Records for this exercise:
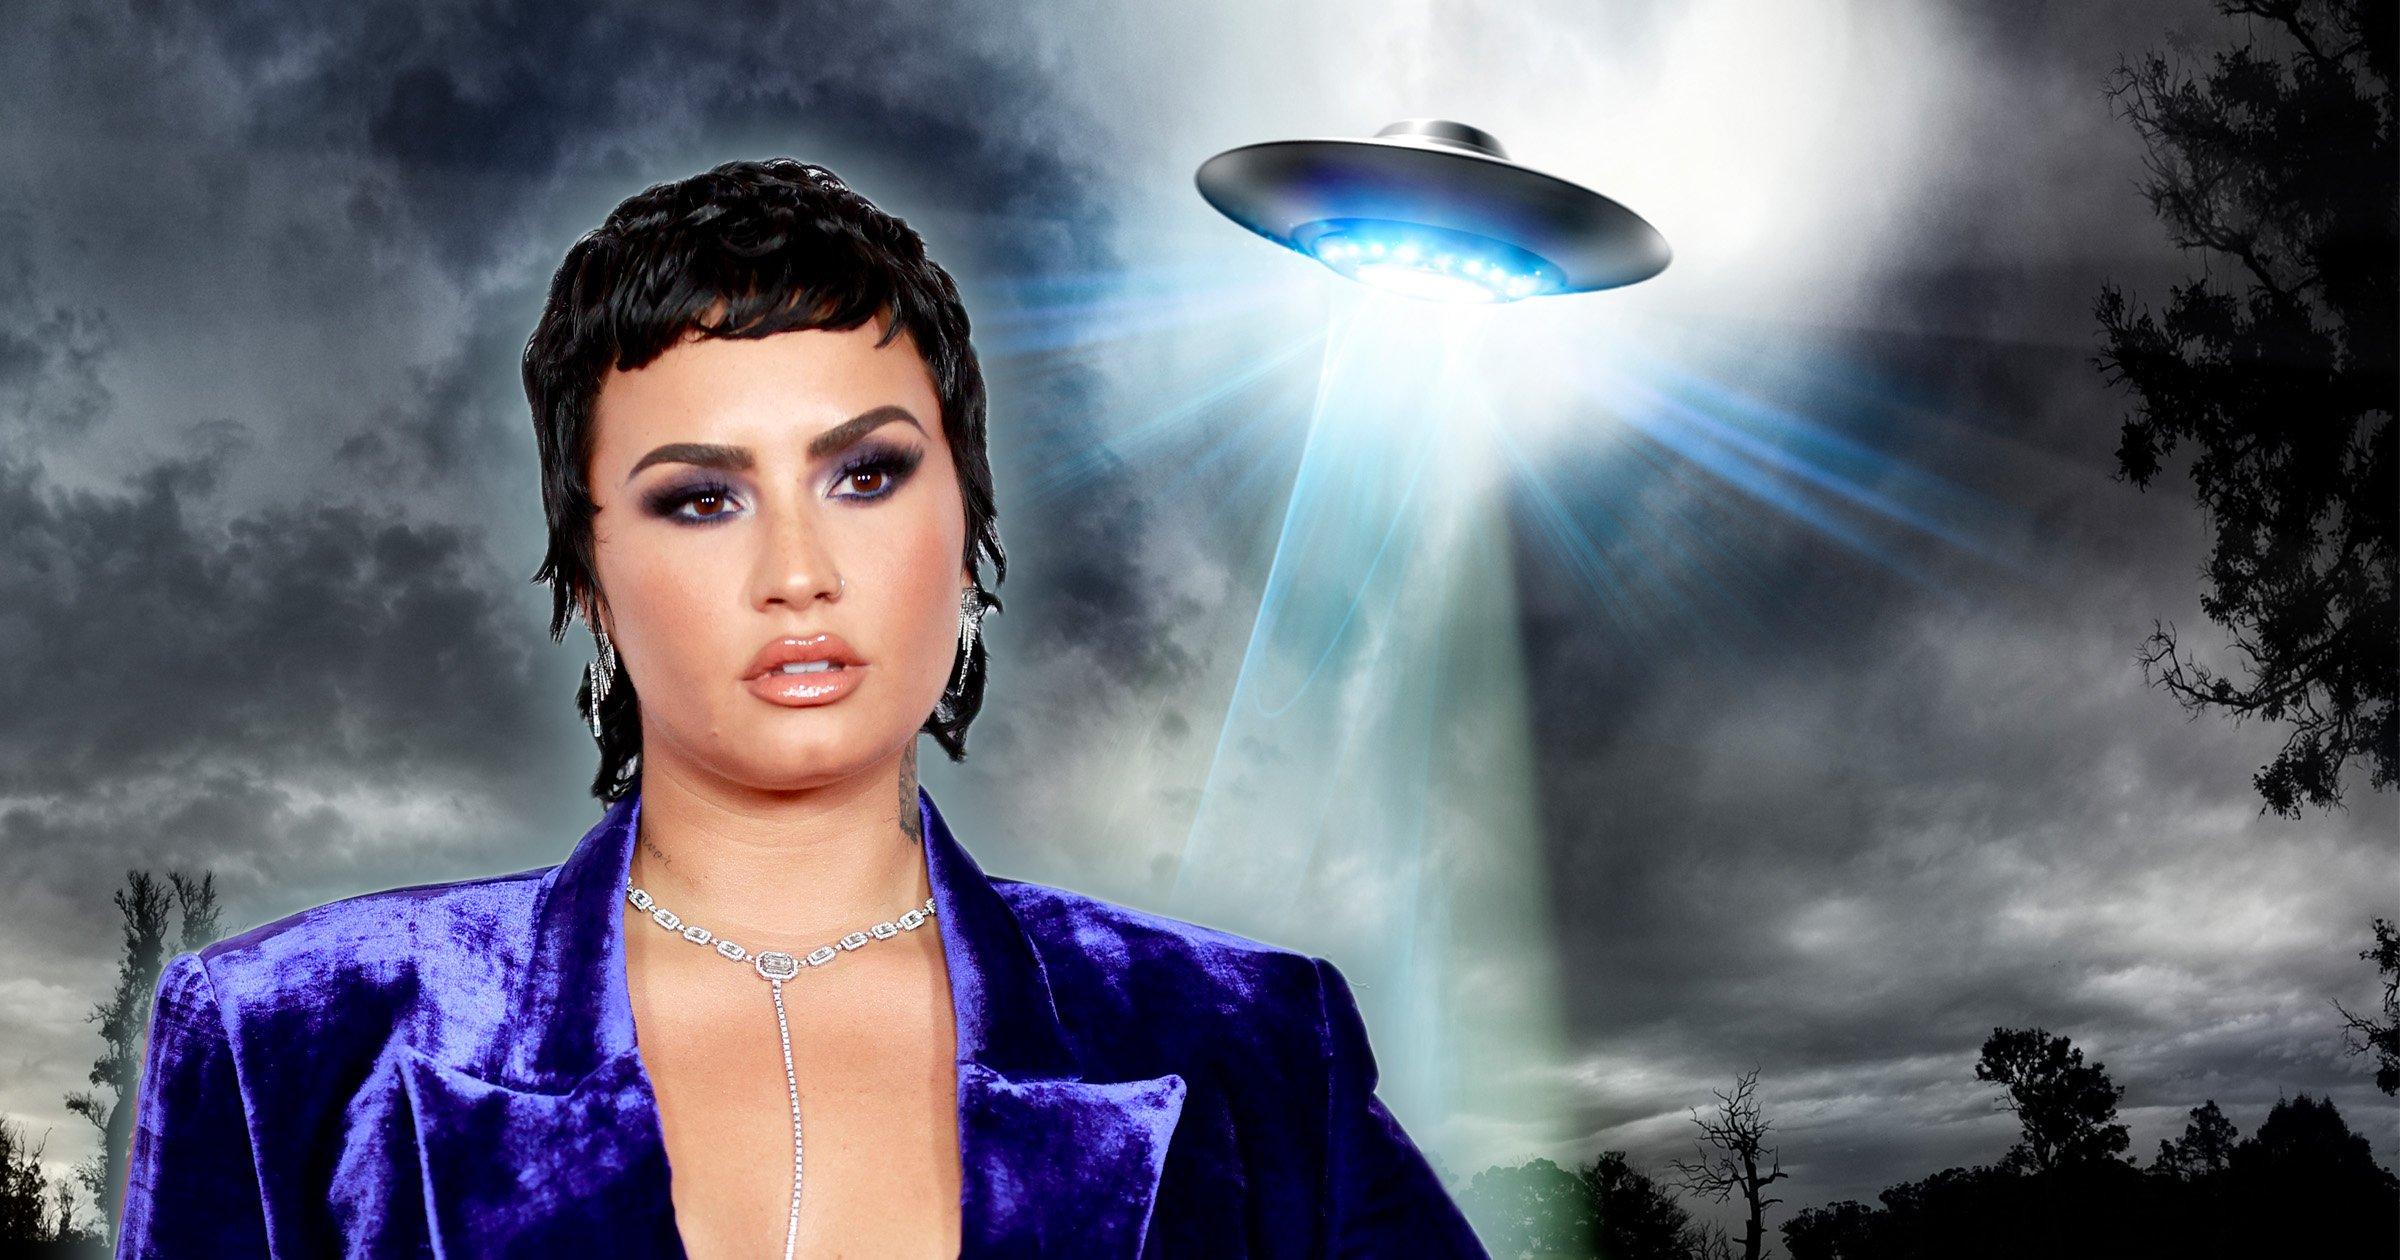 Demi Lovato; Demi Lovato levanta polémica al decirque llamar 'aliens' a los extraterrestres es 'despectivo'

* * *

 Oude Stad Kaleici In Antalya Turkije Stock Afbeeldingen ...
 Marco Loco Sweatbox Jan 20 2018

==

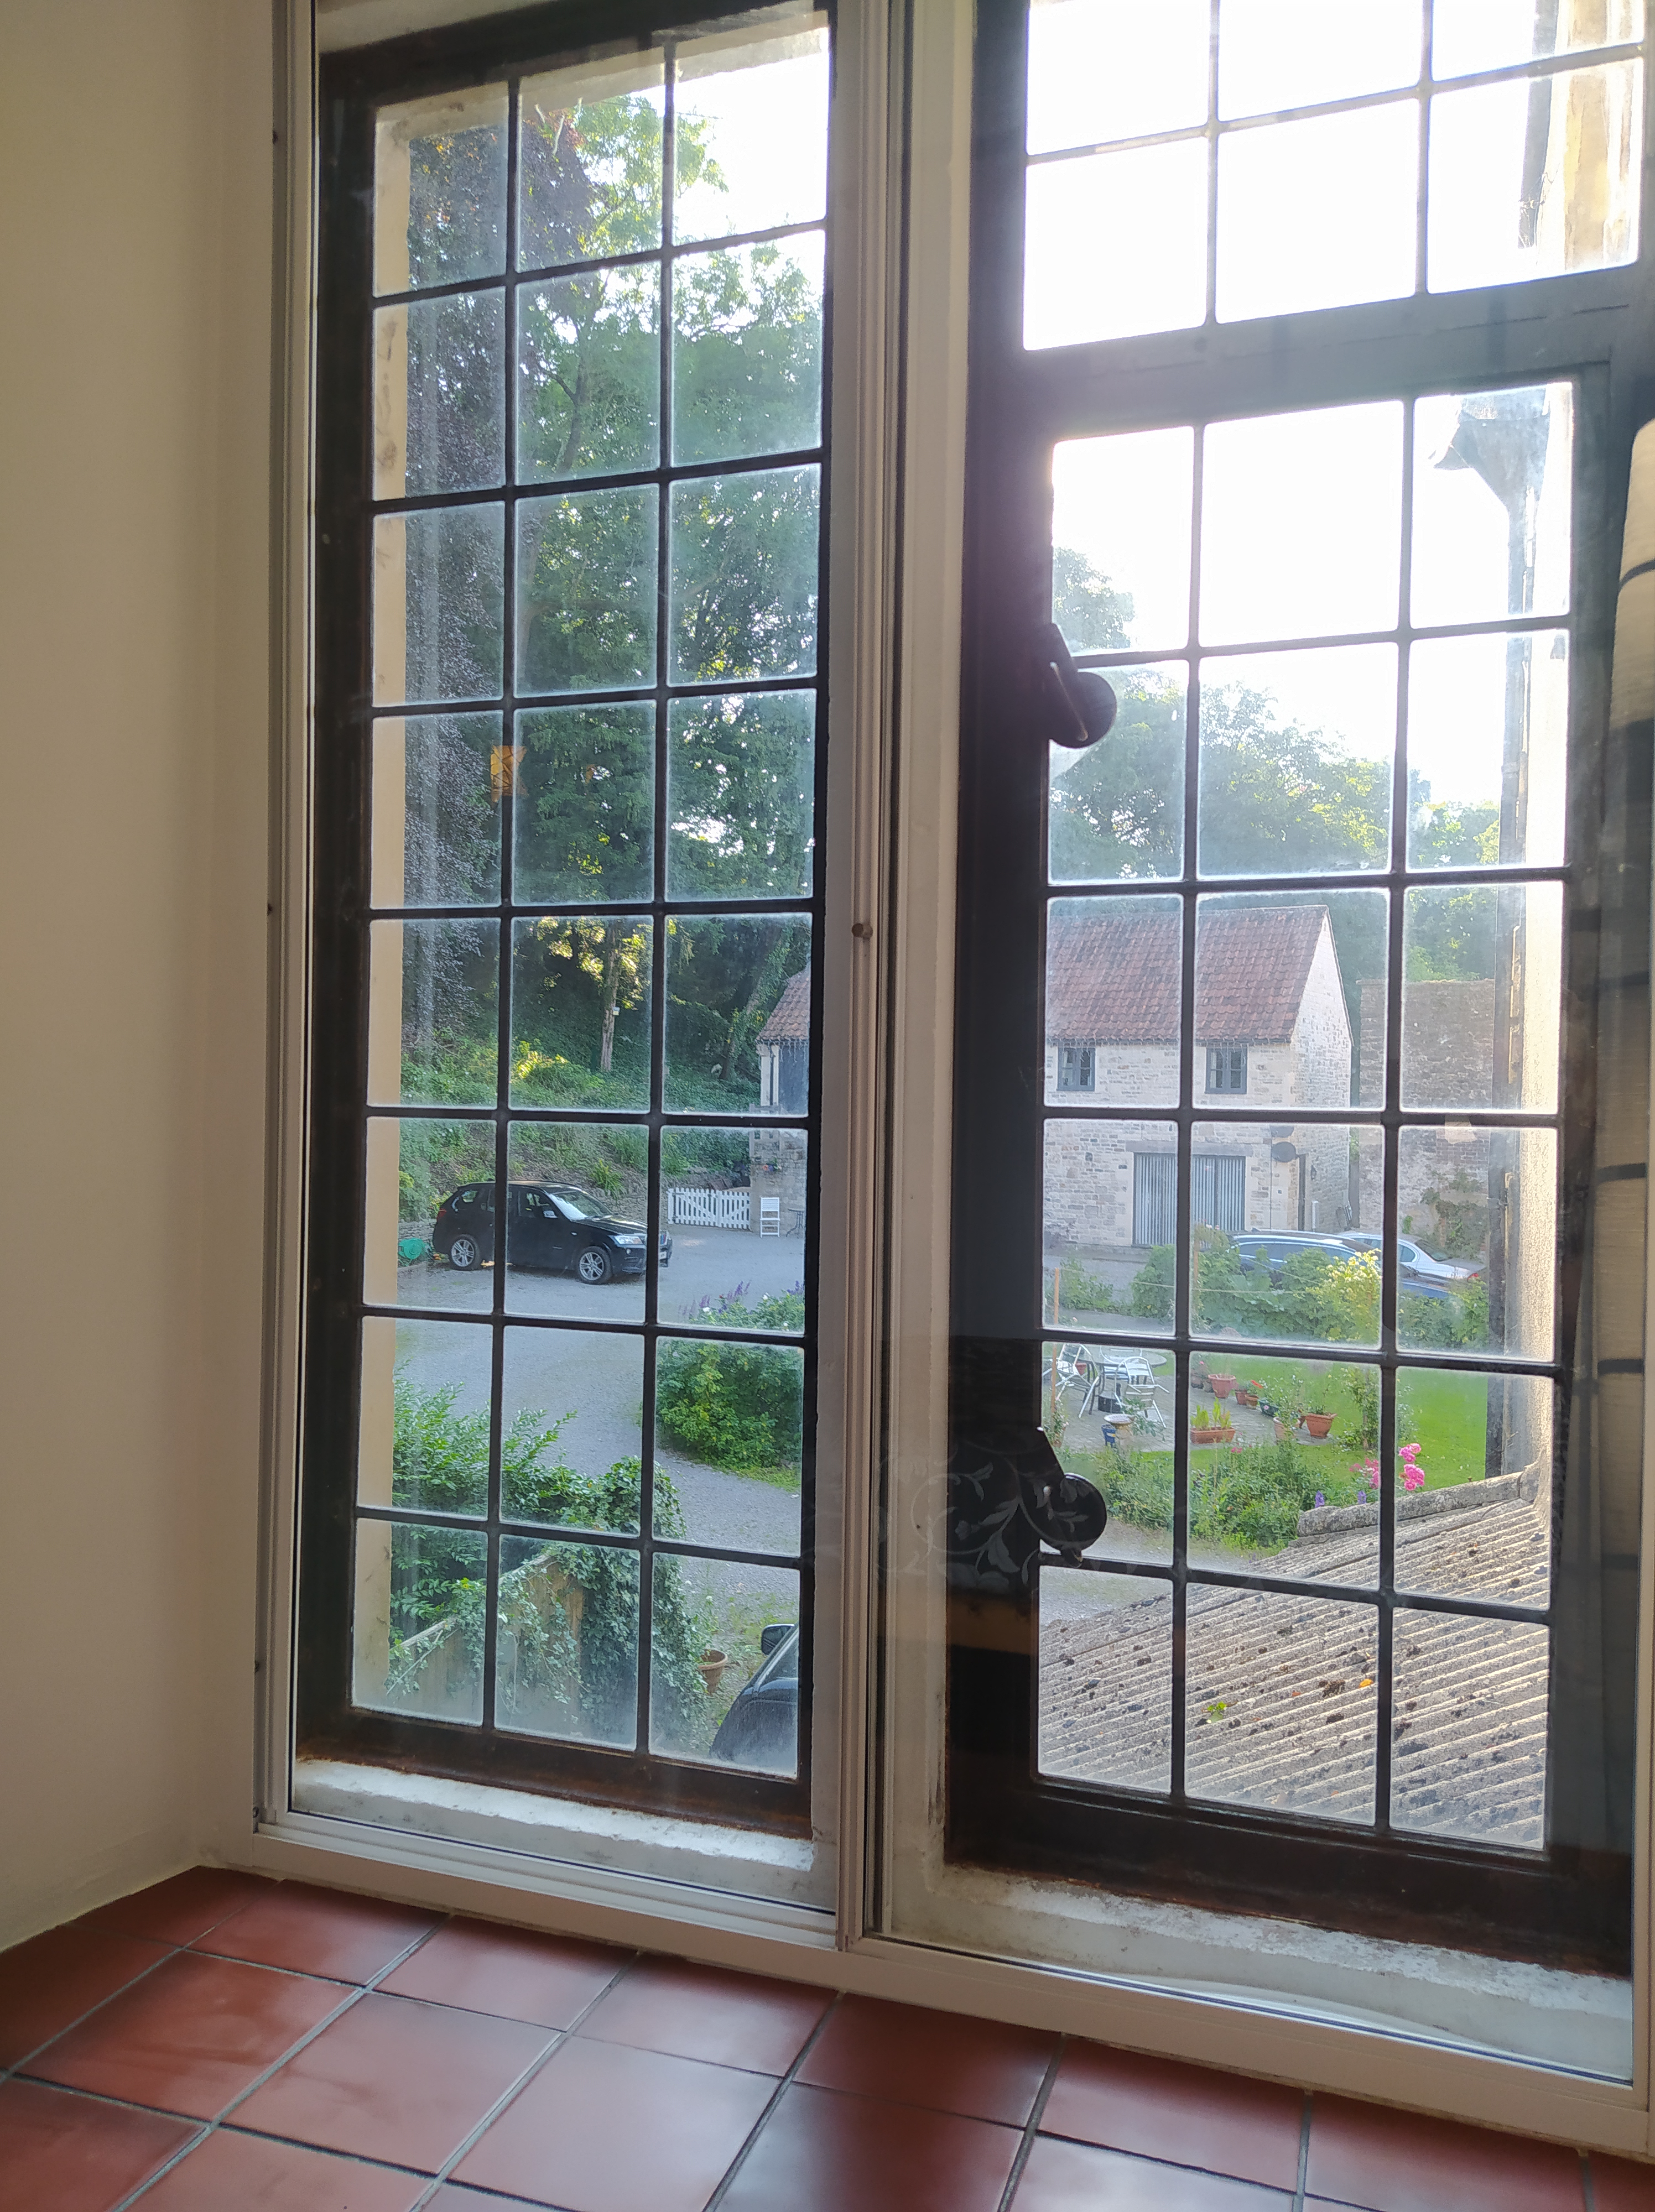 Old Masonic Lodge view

Your task:
Where the listing above reaches the line that contains "Oude Stad Kaleici", start retyping, and finish with the line that contains "Marco Loco Sweatbox Jan 20 2018"; reproduce those lines exactly and no others.

Answer box:
 Oude Stad Kaleici In Antalya Turkije Stock Afbeeldingen ...
 Marco Loco Sweatbox Jan 20 2018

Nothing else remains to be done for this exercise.